*** Opening The data ***

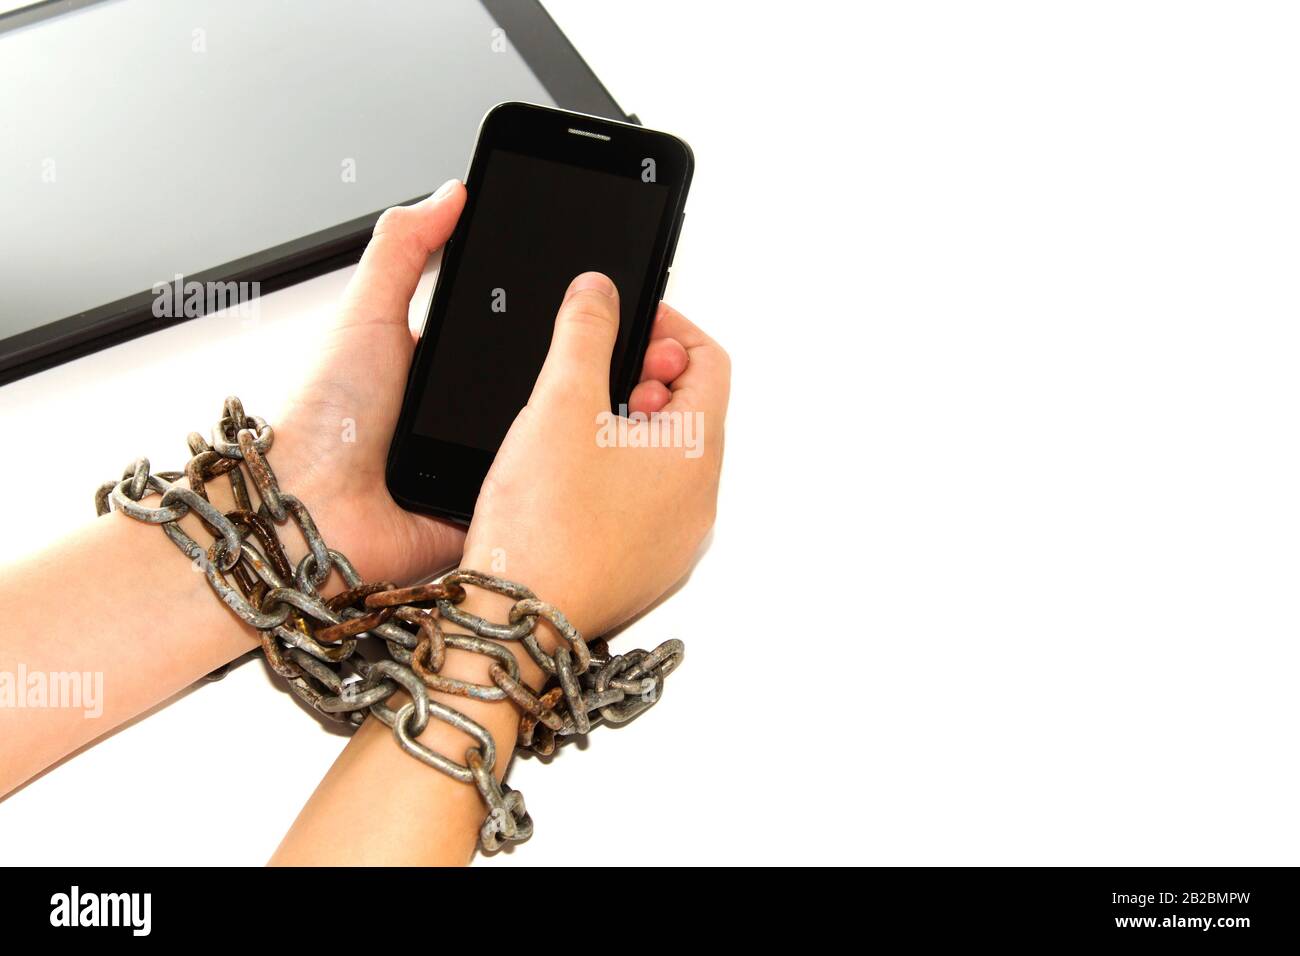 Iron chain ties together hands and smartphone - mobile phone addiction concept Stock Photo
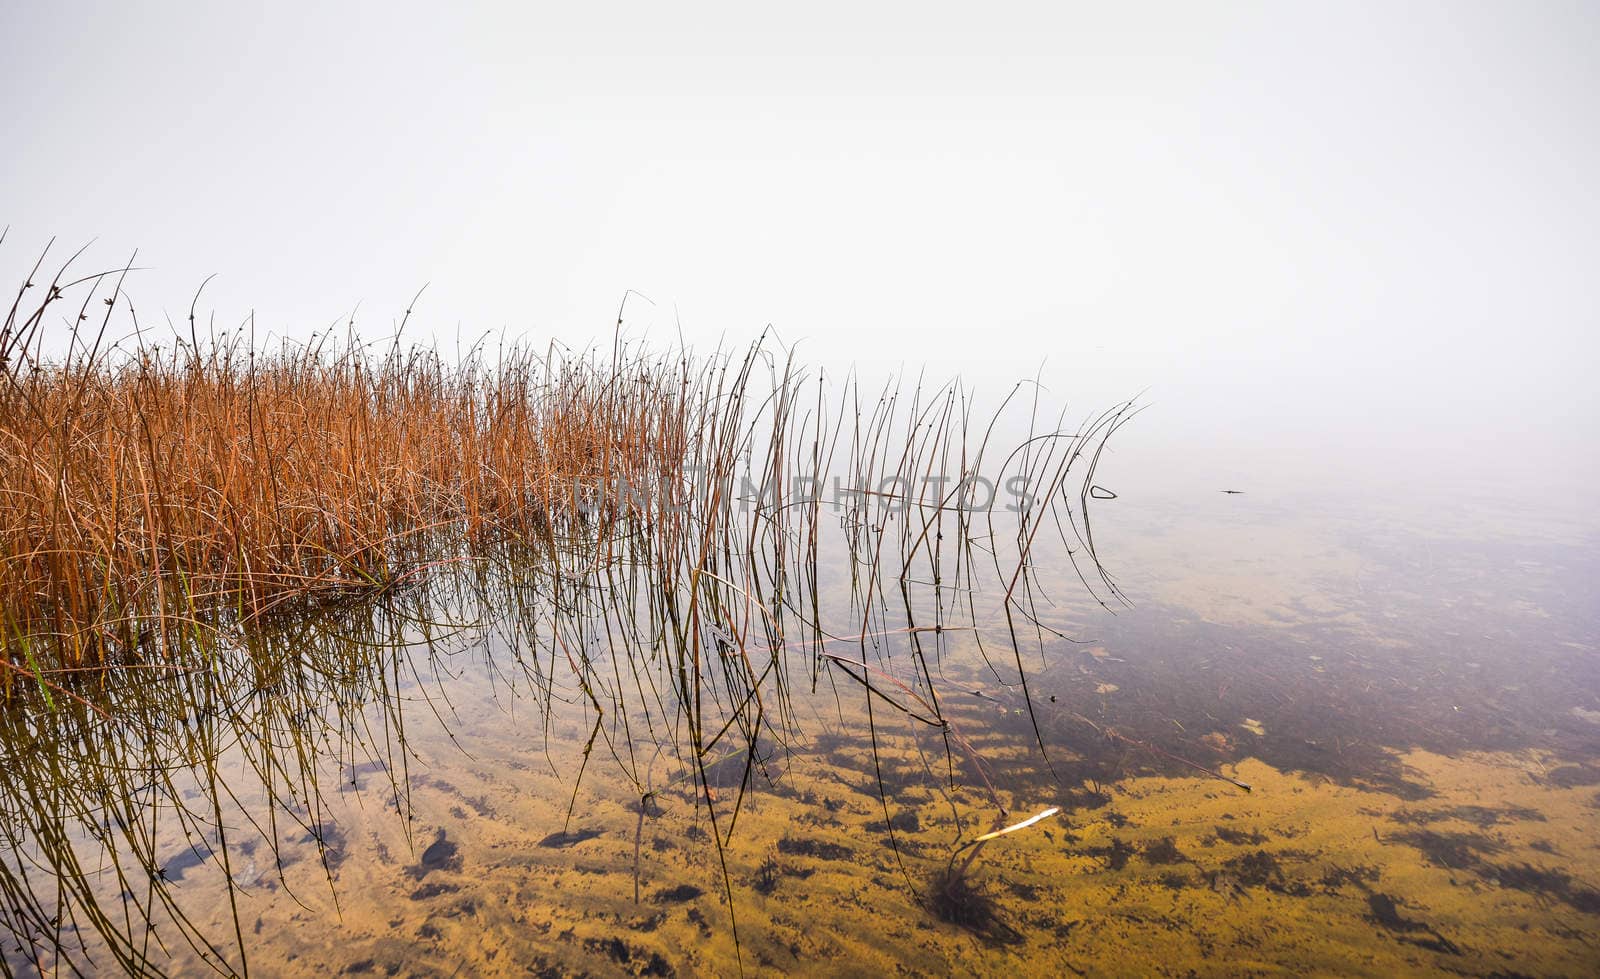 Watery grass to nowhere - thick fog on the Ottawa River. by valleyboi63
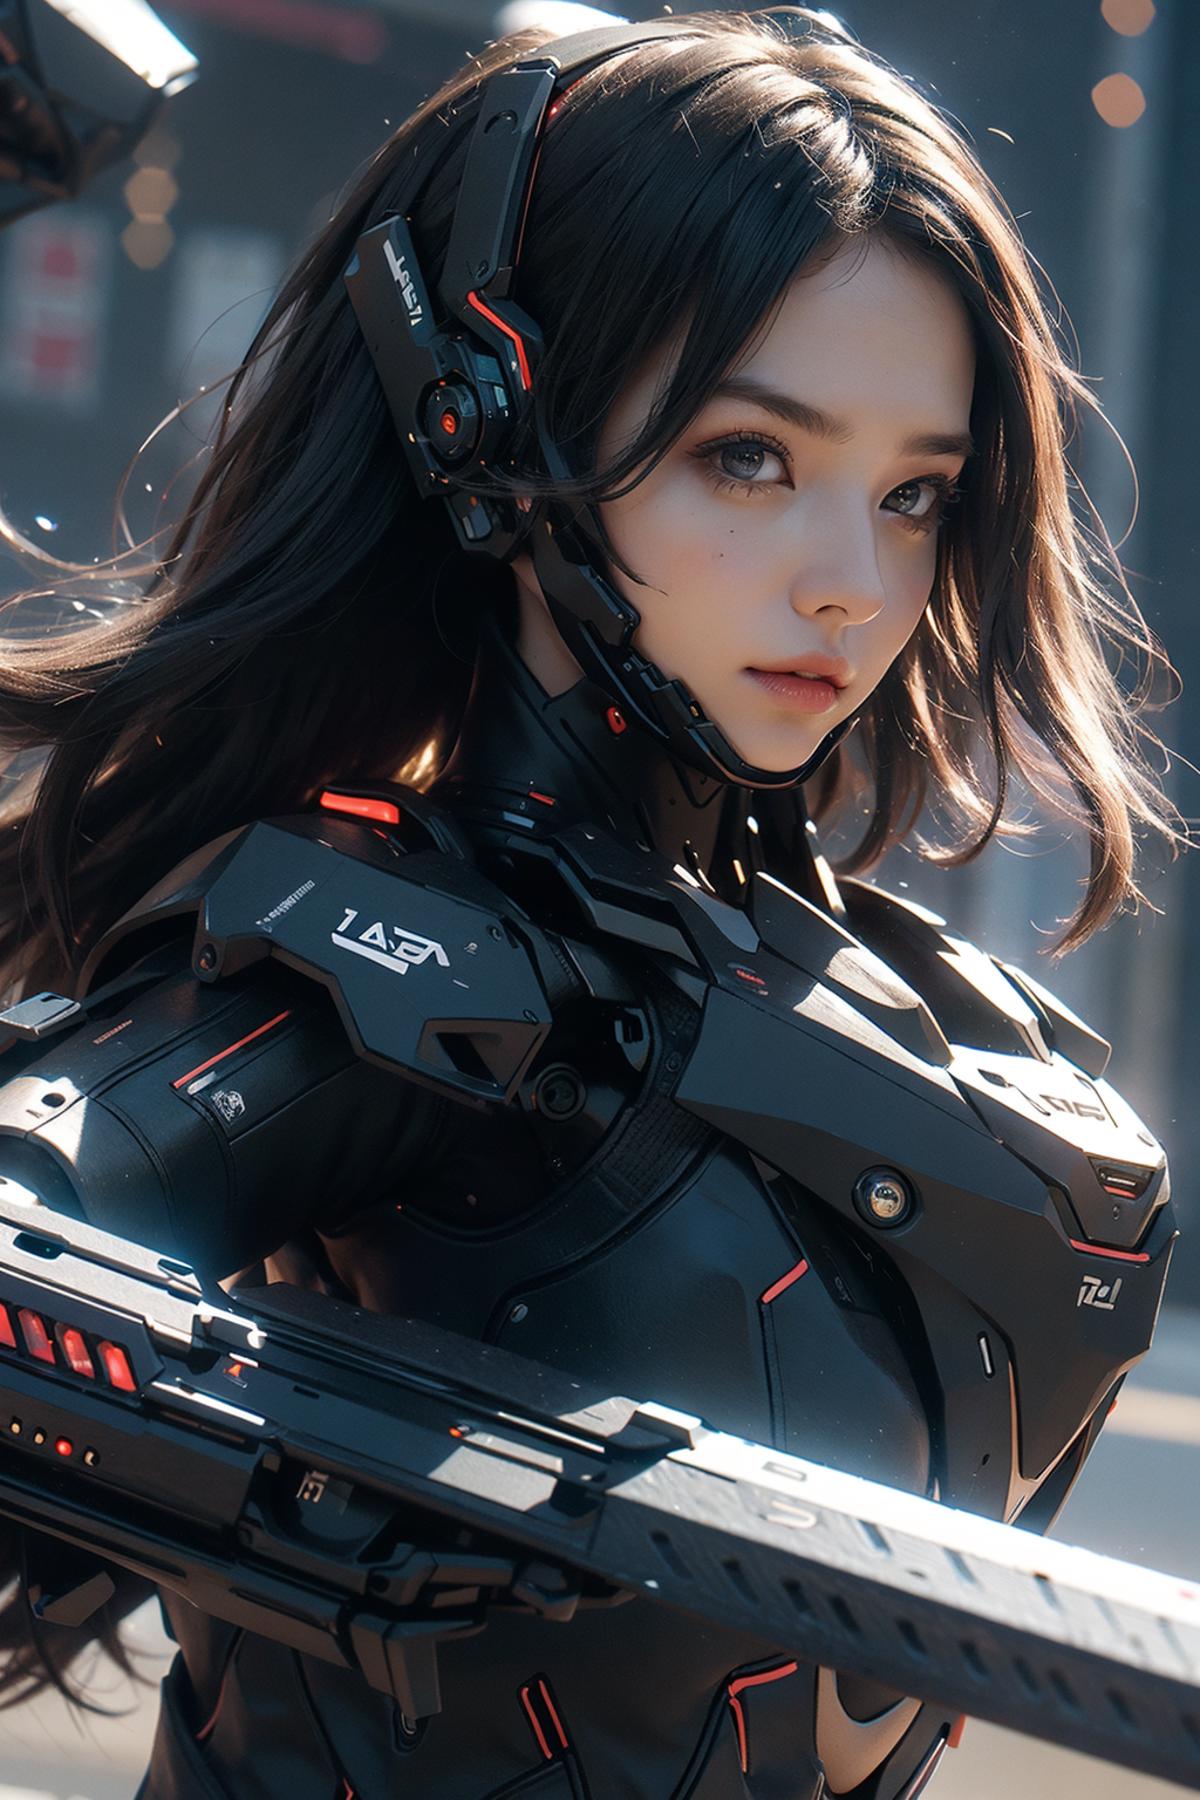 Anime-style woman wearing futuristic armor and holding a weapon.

*** Closing The data ***
*** Opening The data ***

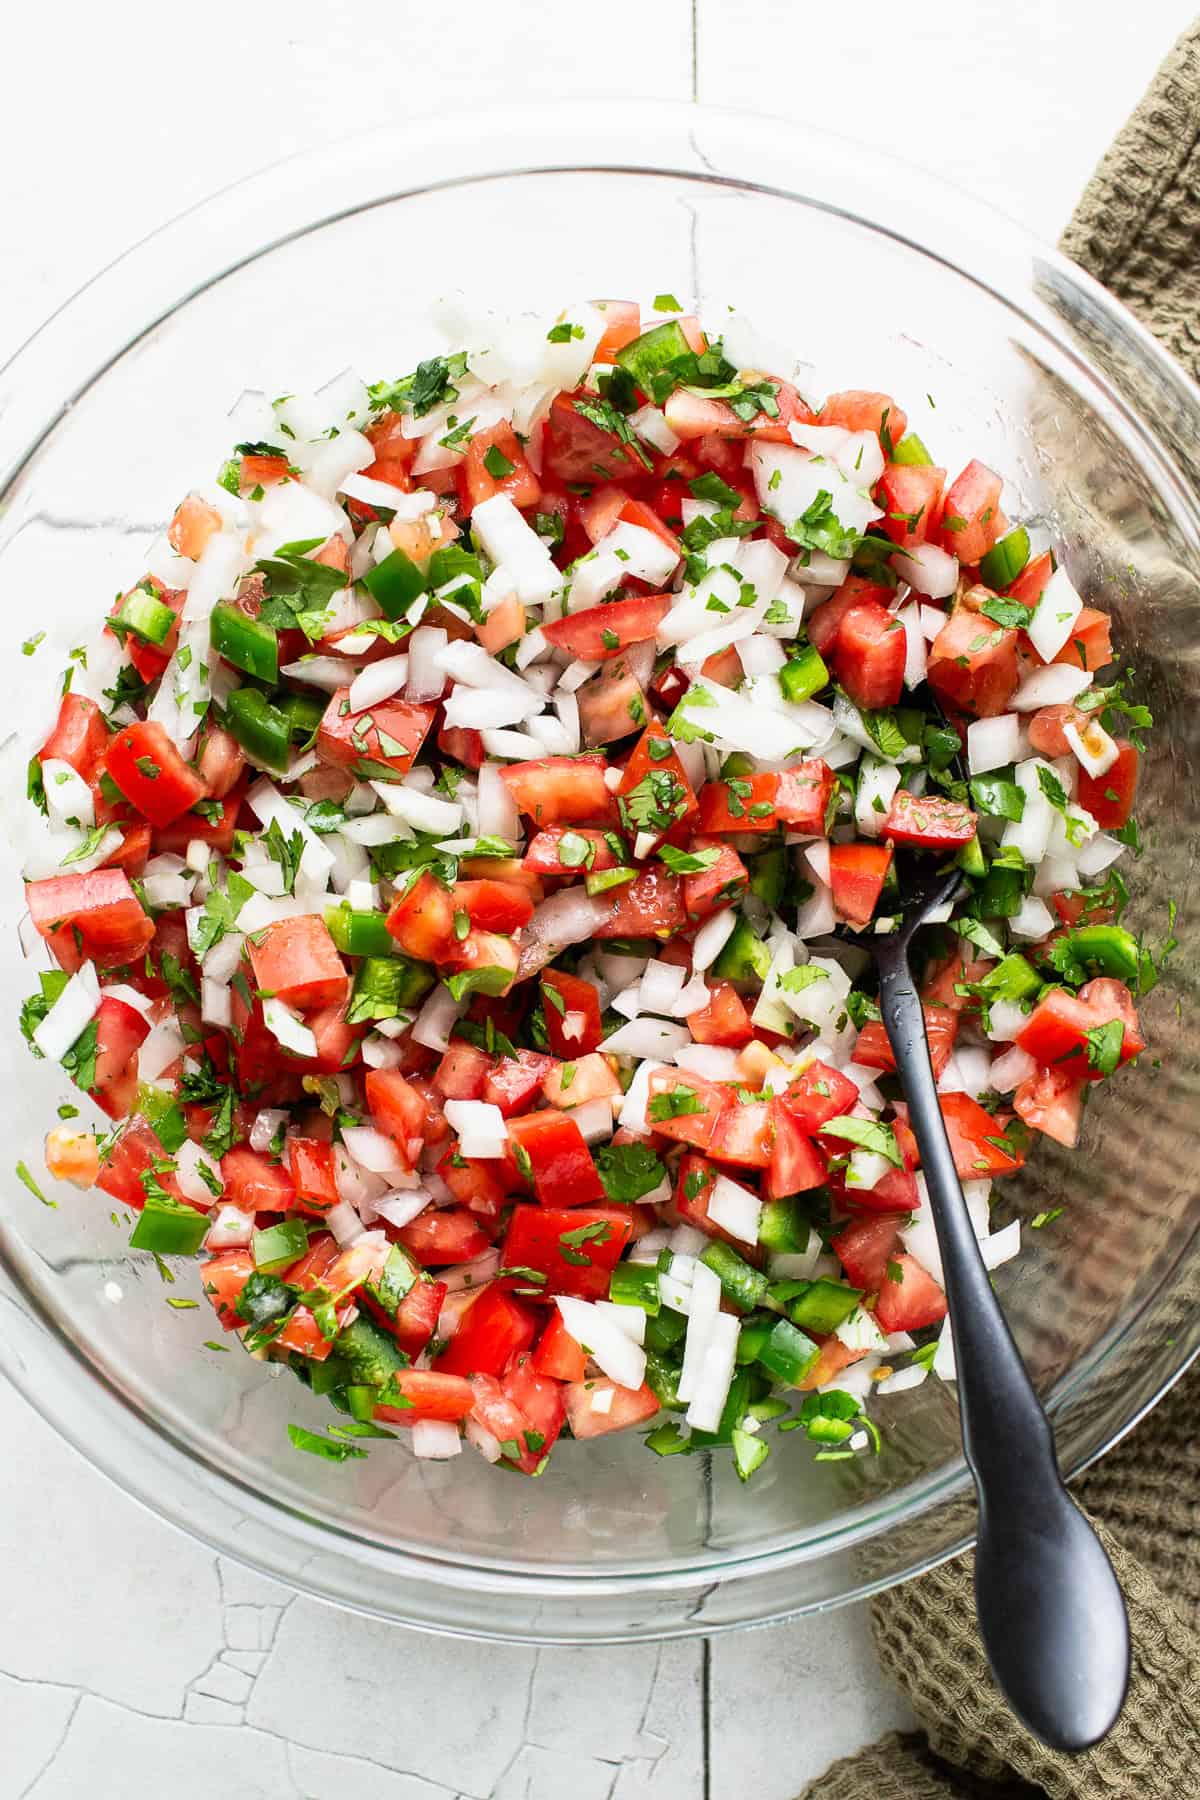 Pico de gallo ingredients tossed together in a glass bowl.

*** Closing The data ***
*** Opening The data ***

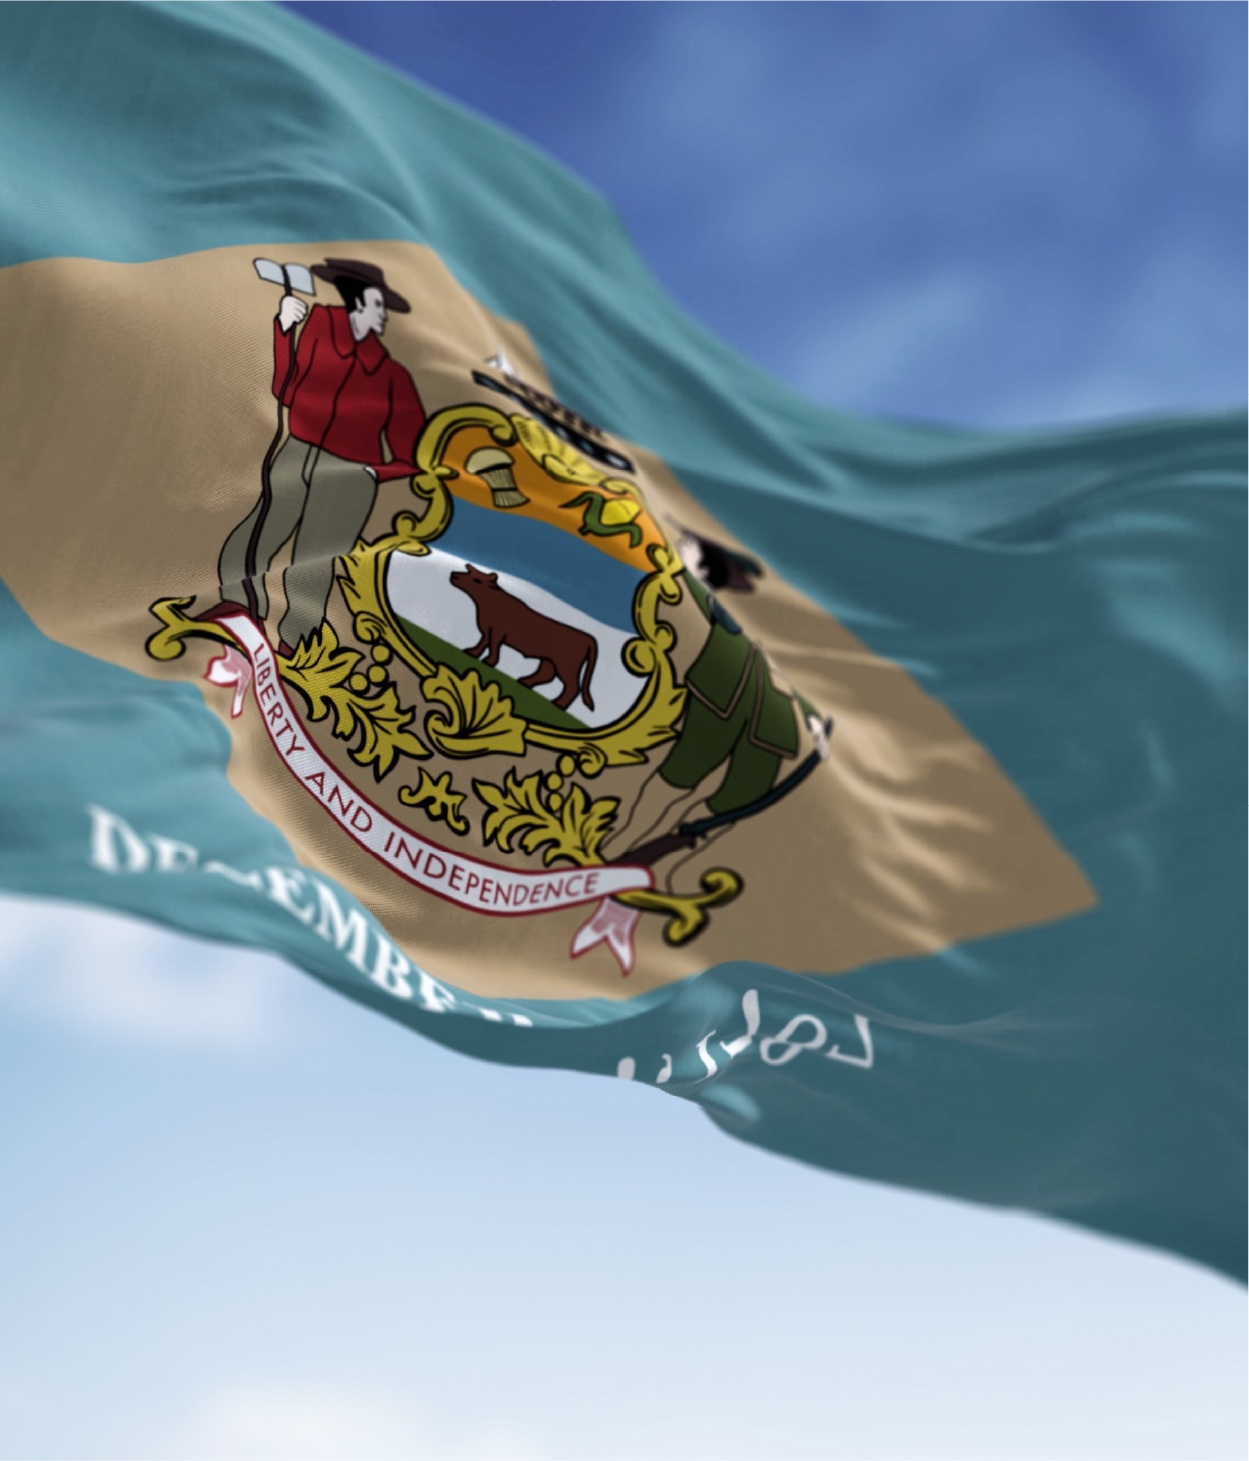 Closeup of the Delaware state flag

*** Closing The data ***

When copying from the data above, print only the lines from the line containing "Watery grass to" to the line containing "Anime-style woman wearing", exactly, and leave the pictures out.

Written response
 Watery grass to nowhere - thick fog on the Ottawa River. by valleyboi63
 Anime-style woman wearing futuristic armor and holding a weapon.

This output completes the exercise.